Графиня все время пыталась вырвать Виолетту из моих объятий, и однажды ей это удалось. После репетиции она затащила Виолетту к себе в ложу, и после та простудилась и начала кашлять.
Мы не придали этому значения. Как и прежде, мы занимались любовью, и казалось, что болезнь лишь прибавила ей страсти. Она ж слушала доктора, пытаясь любовным пылом доказать себе, что все в порядке.

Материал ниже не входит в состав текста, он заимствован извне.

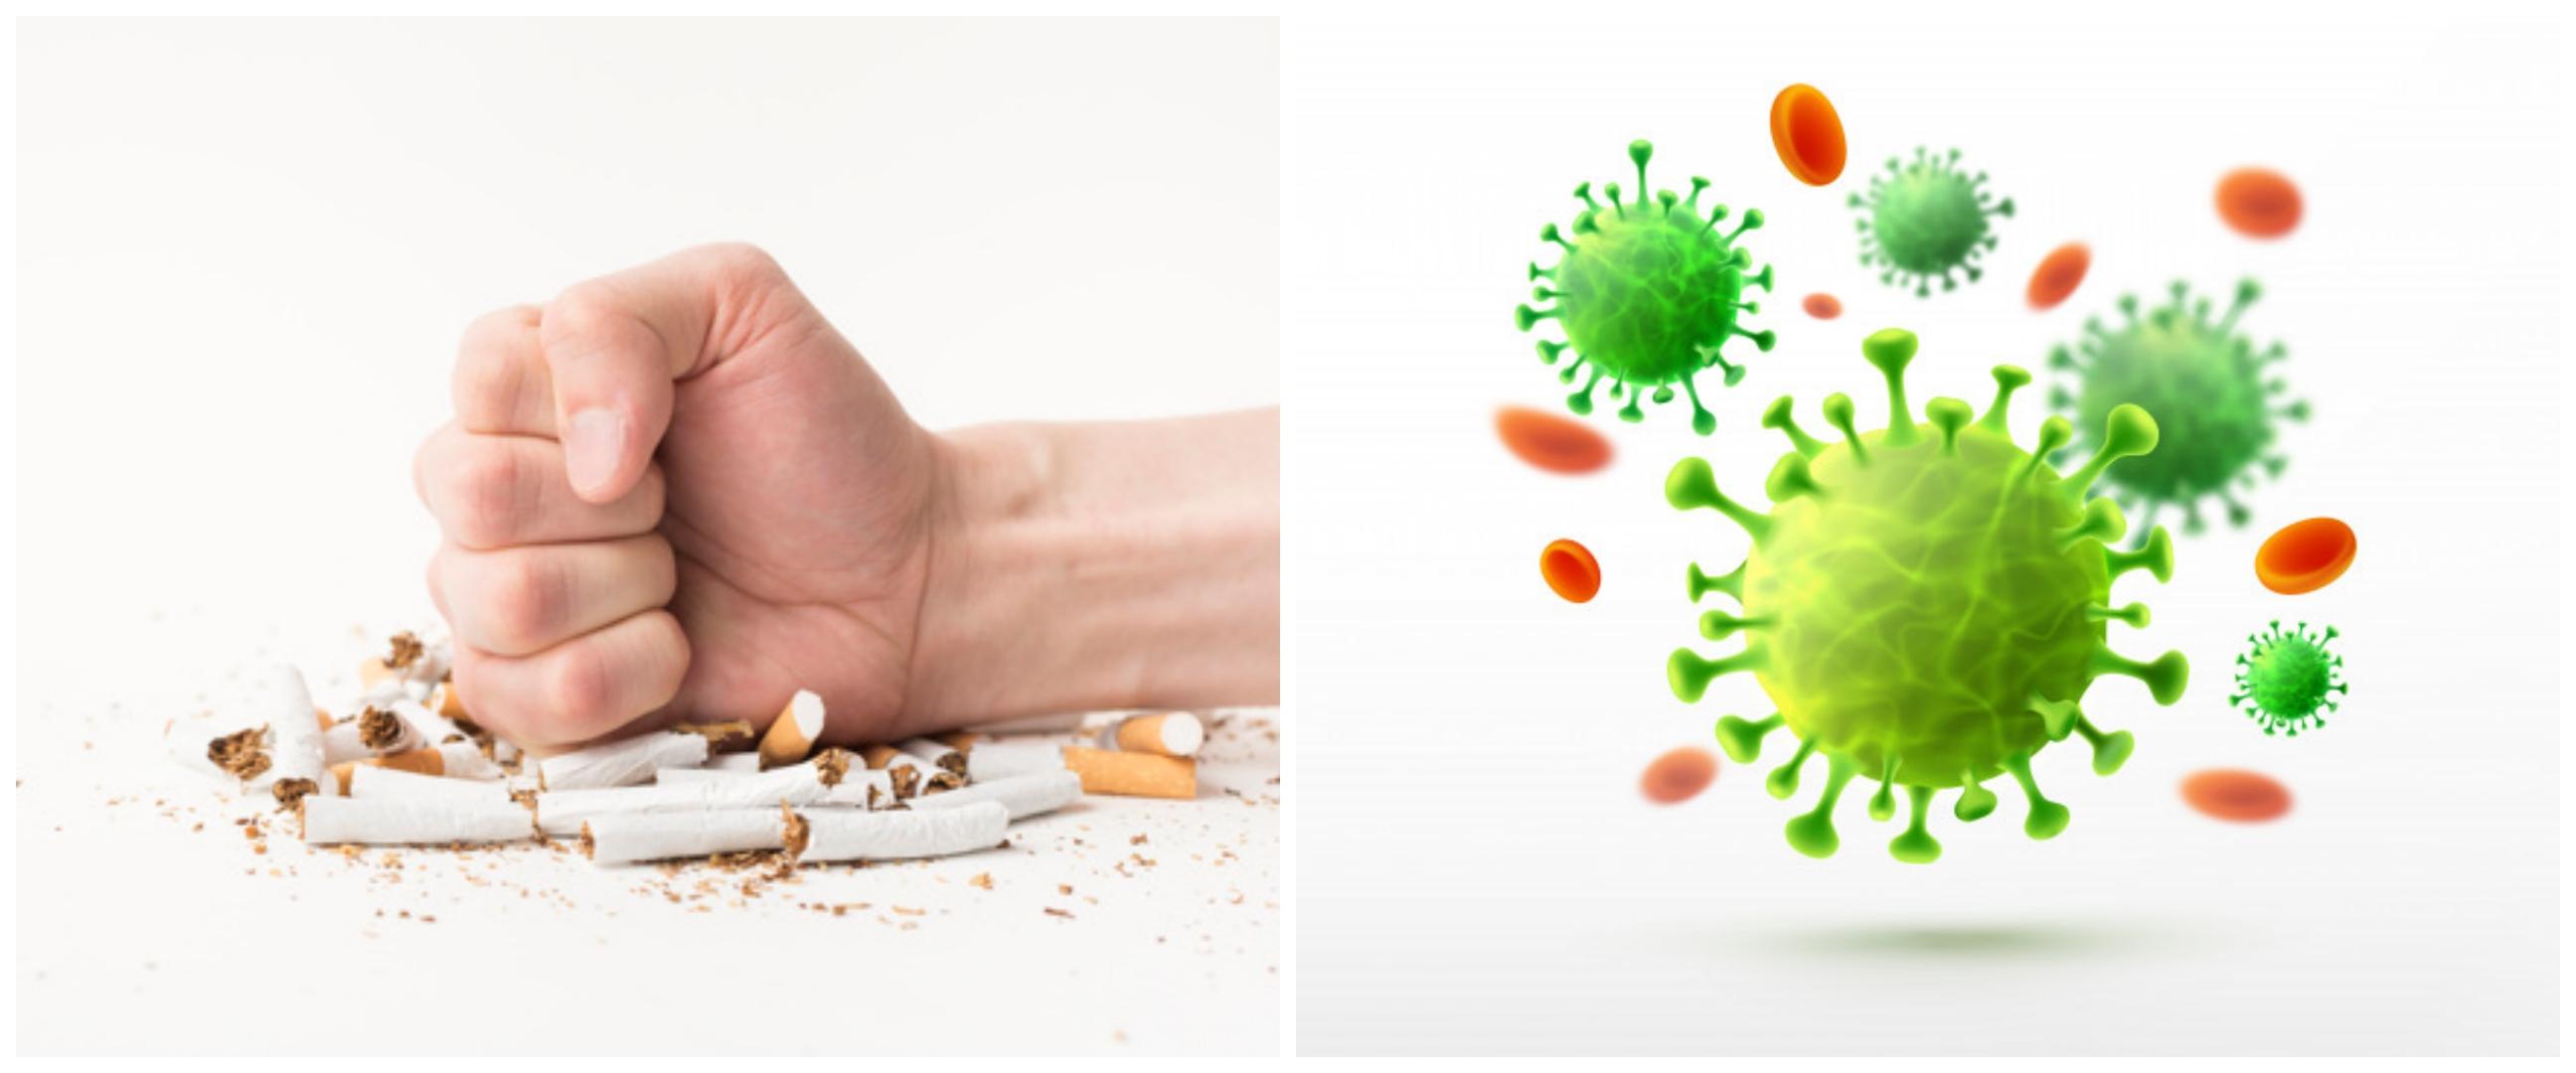 Berhentilah merokok saat pandemi Corona, ini sebabnya
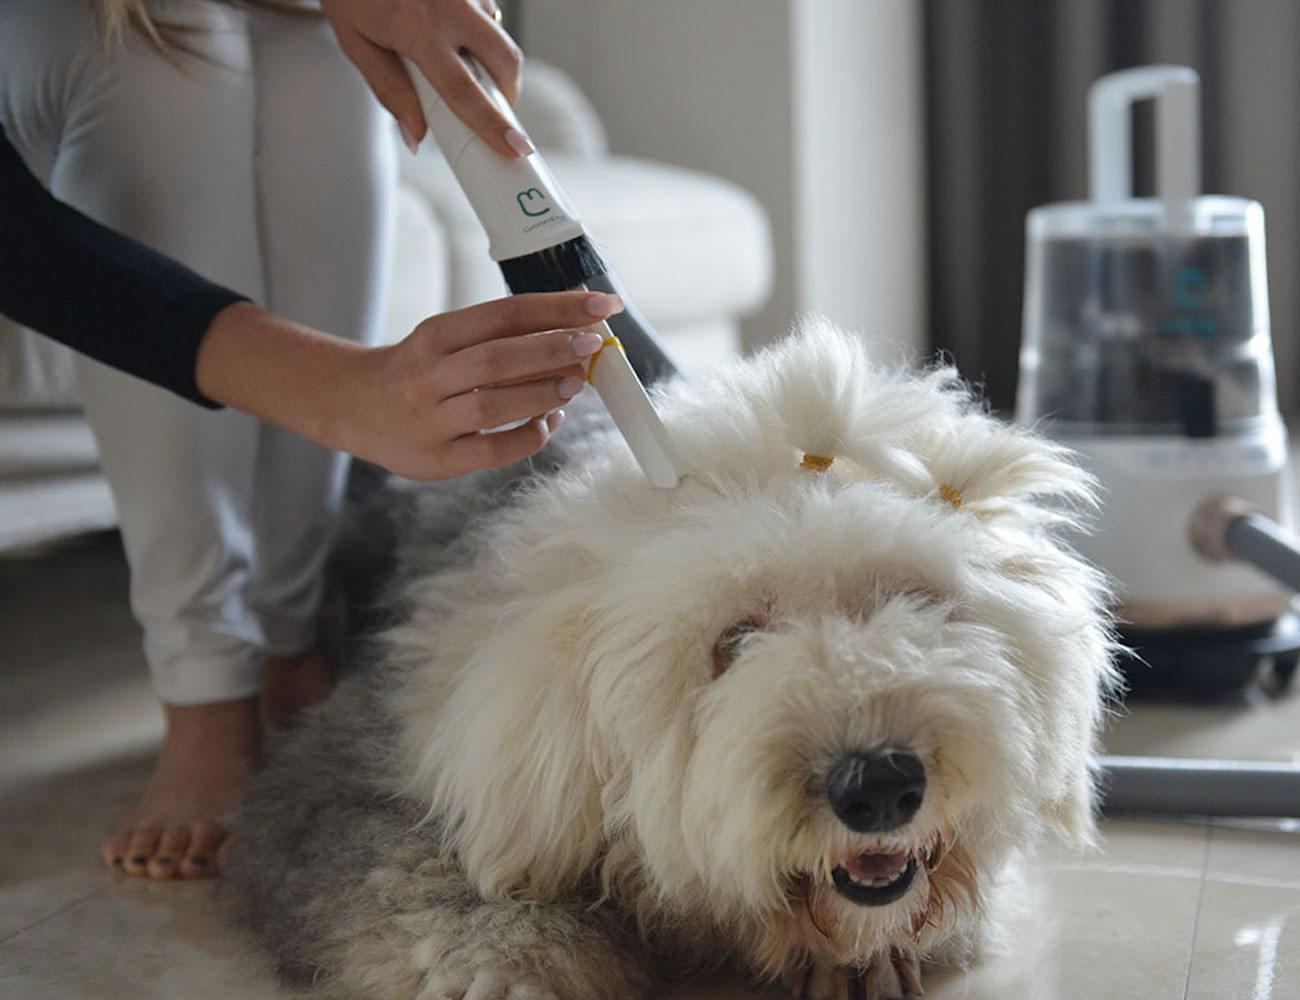 GroomPal Mess-Free Dog Grooming Device

Но заболела она серьезно. Это было зимой. Она страдала все лето, а в ноябре угасла в моих руках.
— Я люблю тебя, мои Кристиан, — это были ее последние слова.
Под игру северного ветра с упавшими листьями мы упокоили нашу бедную малютку.
Мы с графиней были безутешны. Я установил на могиле большой стеклянный купол, под которым мы посадили цветы, давшие Виолетте имя.
Но жизнь шла своим чередом. Любовь Флоранс успокоила графиню, а я понемногу стал забывать горький миг разлуки. И даже в годовщину смерти перестал собирать в память о Виолетте маленькие цветы.
Графиня посылала их мне, оказавшись более верной, оставляя в записке только одно слово: «Неблагодарный!»